When the line containing "Az banyo yapmanın zararları nelerdir" appears in the data below, begin copying there and stop only after the line containing "Des utilisateurs se".

%%

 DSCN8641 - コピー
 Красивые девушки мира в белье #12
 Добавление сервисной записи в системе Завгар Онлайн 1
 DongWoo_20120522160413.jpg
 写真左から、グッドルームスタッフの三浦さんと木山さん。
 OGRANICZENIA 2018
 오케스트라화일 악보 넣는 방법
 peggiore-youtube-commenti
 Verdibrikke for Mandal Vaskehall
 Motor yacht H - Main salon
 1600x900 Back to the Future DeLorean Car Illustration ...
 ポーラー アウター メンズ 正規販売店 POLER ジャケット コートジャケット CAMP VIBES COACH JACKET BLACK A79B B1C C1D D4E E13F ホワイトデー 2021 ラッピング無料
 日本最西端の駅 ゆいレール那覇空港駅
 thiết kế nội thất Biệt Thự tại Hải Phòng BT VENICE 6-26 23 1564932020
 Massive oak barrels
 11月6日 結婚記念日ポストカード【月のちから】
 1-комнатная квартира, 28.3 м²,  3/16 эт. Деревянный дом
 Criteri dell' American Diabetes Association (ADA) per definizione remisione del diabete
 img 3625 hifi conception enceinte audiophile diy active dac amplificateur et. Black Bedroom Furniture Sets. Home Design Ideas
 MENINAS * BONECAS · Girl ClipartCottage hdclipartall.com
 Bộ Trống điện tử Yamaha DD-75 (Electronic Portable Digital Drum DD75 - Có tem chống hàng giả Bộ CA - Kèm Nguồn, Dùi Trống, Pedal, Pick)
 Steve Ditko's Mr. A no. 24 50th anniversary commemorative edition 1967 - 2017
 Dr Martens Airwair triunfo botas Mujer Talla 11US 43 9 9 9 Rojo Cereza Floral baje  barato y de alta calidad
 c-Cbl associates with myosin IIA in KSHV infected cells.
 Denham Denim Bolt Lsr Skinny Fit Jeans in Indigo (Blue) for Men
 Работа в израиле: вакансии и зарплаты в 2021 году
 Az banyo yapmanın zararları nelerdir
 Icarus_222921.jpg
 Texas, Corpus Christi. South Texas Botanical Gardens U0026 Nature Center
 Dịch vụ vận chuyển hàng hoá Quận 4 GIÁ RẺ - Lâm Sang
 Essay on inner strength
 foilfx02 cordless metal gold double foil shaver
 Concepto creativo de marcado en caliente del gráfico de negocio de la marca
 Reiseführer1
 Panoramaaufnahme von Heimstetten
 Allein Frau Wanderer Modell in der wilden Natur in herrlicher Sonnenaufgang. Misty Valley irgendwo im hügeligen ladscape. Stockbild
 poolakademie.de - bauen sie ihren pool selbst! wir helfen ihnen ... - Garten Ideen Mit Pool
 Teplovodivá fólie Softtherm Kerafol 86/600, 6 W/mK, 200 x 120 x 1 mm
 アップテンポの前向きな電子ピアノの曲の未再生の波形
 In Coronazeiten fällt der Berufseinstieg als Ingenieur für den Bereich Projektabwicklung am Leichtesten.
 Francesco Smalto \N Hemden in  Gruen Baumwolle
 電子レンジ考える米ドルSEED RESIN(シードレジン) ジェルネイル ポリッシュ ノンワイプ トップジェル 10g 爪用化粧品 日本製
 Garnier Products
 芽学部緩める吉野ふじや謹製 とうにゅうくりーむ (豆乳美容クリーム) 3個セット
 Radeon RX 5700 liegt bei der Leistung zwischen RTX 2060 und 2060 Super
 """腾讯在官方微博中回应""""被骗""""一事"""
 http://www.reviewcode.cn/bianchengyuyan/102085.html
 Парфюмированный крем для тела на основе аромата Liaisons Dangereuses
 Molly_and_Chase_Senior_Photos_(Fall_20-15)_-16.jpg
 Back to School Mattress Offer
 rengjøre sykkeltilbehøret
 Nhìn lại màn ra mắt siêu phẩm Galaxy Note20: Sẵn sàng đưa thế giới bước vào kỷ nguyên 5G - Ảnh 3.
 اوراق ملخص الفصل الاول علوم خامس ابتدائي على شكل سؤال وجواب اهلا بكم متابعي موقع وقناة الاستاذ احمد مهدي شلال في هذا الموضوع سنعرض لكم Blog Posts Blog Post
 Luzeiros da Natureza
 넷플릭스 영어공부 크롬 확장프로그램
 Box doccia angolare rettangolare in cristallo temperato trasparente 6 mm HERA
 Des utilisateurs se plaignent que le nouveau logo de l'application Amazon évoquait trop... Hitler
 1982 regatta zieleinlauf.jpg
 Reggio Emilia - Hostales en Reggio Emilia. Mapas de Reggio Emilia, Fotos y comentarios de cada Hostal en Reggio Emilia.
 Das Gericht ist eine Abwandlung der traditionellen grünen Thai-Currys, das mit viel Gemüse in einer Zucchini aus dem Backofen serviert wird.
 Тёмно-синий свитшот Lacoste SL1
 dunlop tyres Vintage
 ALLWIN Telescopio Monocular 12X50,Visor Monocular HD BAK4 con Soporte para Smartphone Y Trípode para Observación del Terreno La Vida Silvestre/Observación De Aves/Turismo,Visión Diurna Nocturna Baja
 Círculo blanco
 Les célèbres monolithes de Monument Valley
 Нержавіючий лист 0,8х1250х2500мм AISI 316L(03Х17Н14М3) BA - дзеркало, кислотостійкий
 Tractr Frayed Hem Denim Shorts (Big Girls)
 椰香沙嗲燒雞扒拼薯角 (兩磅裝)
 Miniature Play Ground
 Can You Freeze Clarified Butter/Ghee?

%%

> **Result of this task**
 Az banyo yapmanın zararları nelerdir
 Icarus_222921.jpg
 Texas, Corpus Christi. South Texas Botanical Gardens U0026 Nature Center
 Dịch vụ vận chuyển hàng hoá Quận 4 GIÁ RẺ - Lâm Sang
 Essay on inner strength
 foilfx02 cordless metal gold double foil shaver
 Concepto creativo de marcado en caliente del gráfico de negocio de la marca
 Reiseführer1
 Panoramaaufnahme von Heimstetten
 Allein Frau Wanderer Modell in der wilden Natur in herrlicher Sonnenaufgang. Misty Valley irgendwo im hügeligen ladscape. Stockbild
 poolakademie.de - bauen sie ihren pool selbst! wir helfen ihnen ... - Garten Ideen Mit Pool
 Teplovodivá fólie Softtherm Kerafol 86/600, 6 W/mK, 200 x 120 x 1 mm
 アップテンポの前向きな電子ピアノの曲の未再生の波形
 In Coronazeiten fällt der Berufseinstieg als Ingenieur für den Bereich Projektabwicklung am Leichtesten.
 Francesco Smalto \N Hemden in  Gruen Baumwolle
 電子レンジ考える米ドルSEED RESIN(シードレジン) ジェルネイル ポリッシュ ノンワイプ トップジェル 10g 爪用化粧品 日本製
 Garnier Products
 芽学部緩める吉野ふじや謹製 とうにゅうくりーむ (豆乳美容クリーム) 3個セット
 Radeon RX 5700 liegt bei der Leistung zwischen RTX 2060 und 2060 Super
 """腾讯在官方微博中回应""""被骗""""一事"""
 http://www.reviewcode.cn/bianchengyuyan/102085.html
 Парфюмированный крем для тела на основе аромата Liaisons Dangereuses
 Molly_and_Chase_Senior_Photos_(Fall_20-15)_-16.jpg
 Back to School Mattress Offer
 rengjøre sykkeltilbehøret
 Nhìn lại màn ra mắt siêu phẩm Galaxy Note20: Sẵn sàng đưa thế giới bước vào kỷ nguyên 5G - Ảnh 3.
 اوراق ملخص الفصل الاول علوم خامس ابتدائي على شكل سؤال وجواب اهلا بكم متابعي موقع وقناة الاستاذ احمد مهدي شلال في هذا الموضوع سنعرض لكم Blog Posts Blog Post
 Luzeiros da Natureza
 넷플릭스 영어공부 크롬 확장프로그램
 Box doccia angolare rettangolare in cristallo temperato trasparente 6 mm HERA
 Des utilisateurs se plaignent que le nouveau logo de l'application Amazon évoquait trop... Hitler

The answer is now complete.